HLIP Ablation

2025-11-17 (updated 2026-02-22) · Chenhui Zhao · MLiNS @ Univeristy of Michigan

In HLIP, we present a language–image pre-training framework designed for uncurated 3D medical data that incorporates a hierarchical attention mechanism. HLIP achieves state-of-the-art results on both curated and uncurated 3D medical datasets spanning brain MRI, head CT, and chest CT. We attribute these gains to the effective modeling, careful implementation, and scalability. In this blog, building on HLIP’s conclusions and implementation, we push scalability one step further for uncurated 3D medical data. To this end, we conduct five ablation studies that appear not to improve performance yet are crucial for scalability and for advancing vision–language modeling, including visual instruction tuning. This yields new HLIP models trained on the combined BrainMRI220K and HeadCT240K datasets. We further introduce a simple yet effective adjustment to the language supervision, resulting in updated HLIP models.

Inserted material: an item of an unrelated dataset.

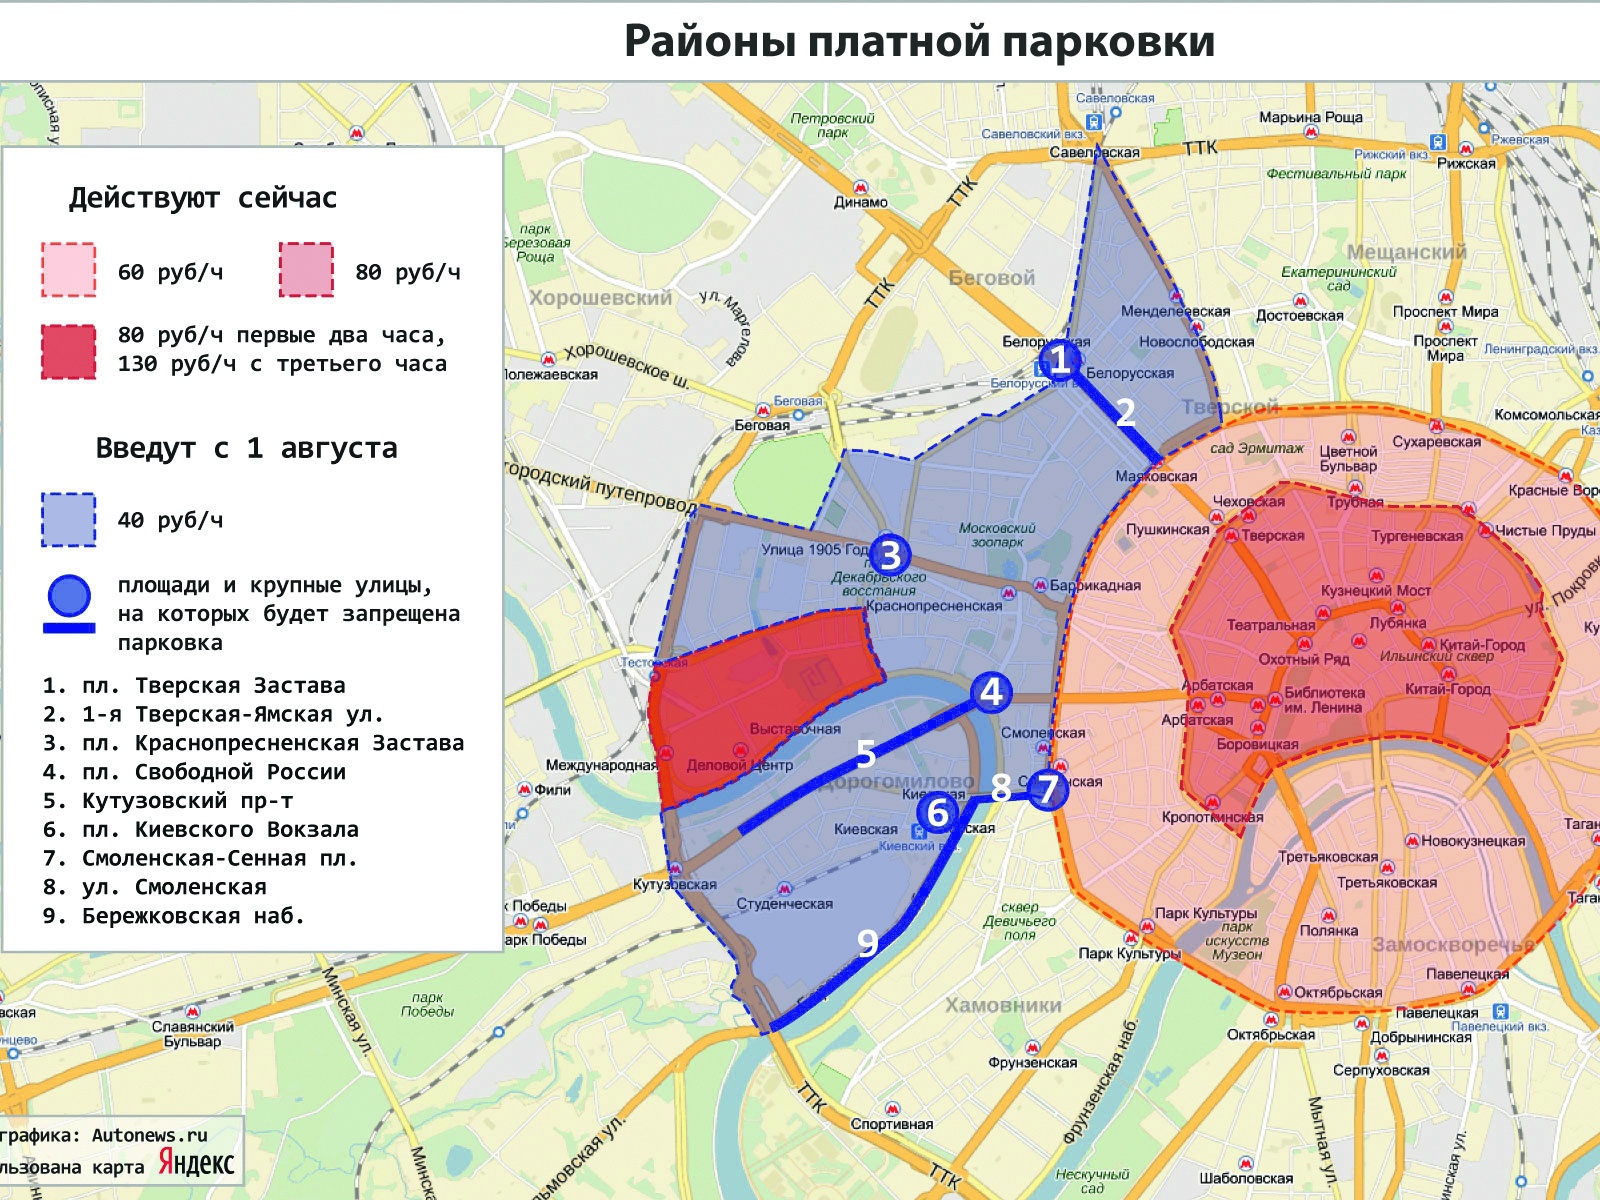 Зоны общественного транспорта. Зона платной парковки 304 Чебоксары. Парковочные зоны в Москве на карте. Зона резидентской парковки Хамовники. Зона платной парковки 206 Чебоксары.
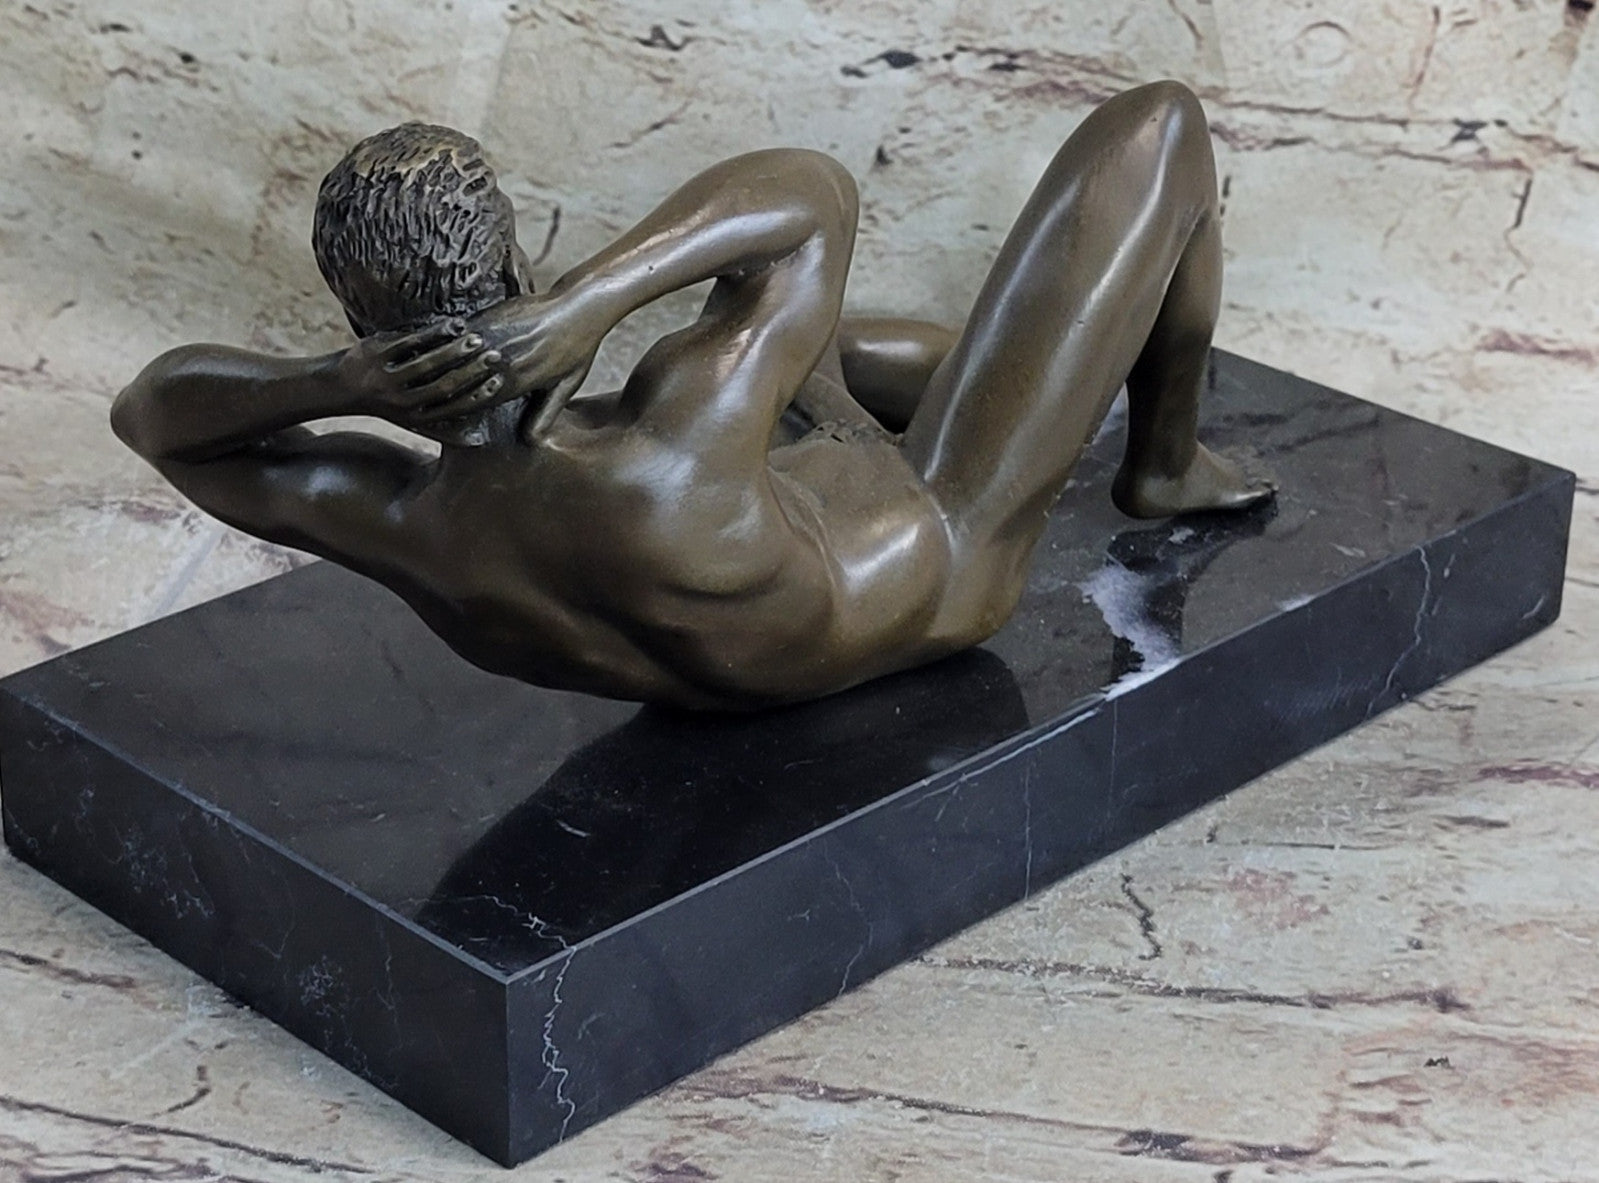 Nude Bronze Sculpture Hot Cast Museum Quality Figurine Figure Decor Lost Wax

The code github repo and model huggingface weights presented in this blog have been published.

Experiments

While HLIP uses the external Pub-Brain-5 dataset to ablate different model designs, this dataset contains only five classes (normal, stroke, glioma, meningioma, metastasis), which is not sufficiently comprehensive to assess model capacity. The same limitation applies to the external RSNA dataset. In the following experiments, we instead evaluate on our prospective dataset, which contains 23K studies covering 74 diagnoses for brain MRI and approximately 15K studies covering 83 diagnoses for head CT. Moreover, the linear-probe protocol can introduce additional bias during evaluation. Therefore, we instead use a zero-shot evaluation protocol, averaging over multiple prompts for stability (similar to the implementation in open-clip). Given the scale of our evaluation, even a 0.5 or 1.0 AUC gain would be considered significant. Although the evaluation set is not publicly available, we hope that the conclusions drawn from these comprehensive evaluations can facilitate future work for the community.

ct
reimplementation on HeadCT240K
mri
reimplementation on BrainMRI220K

We reimplement HLIP on the HeadCT240K and BrainMRI220K datasets, achieving 75.9 AUC on head CT and 81.1 AUC on brain MRI.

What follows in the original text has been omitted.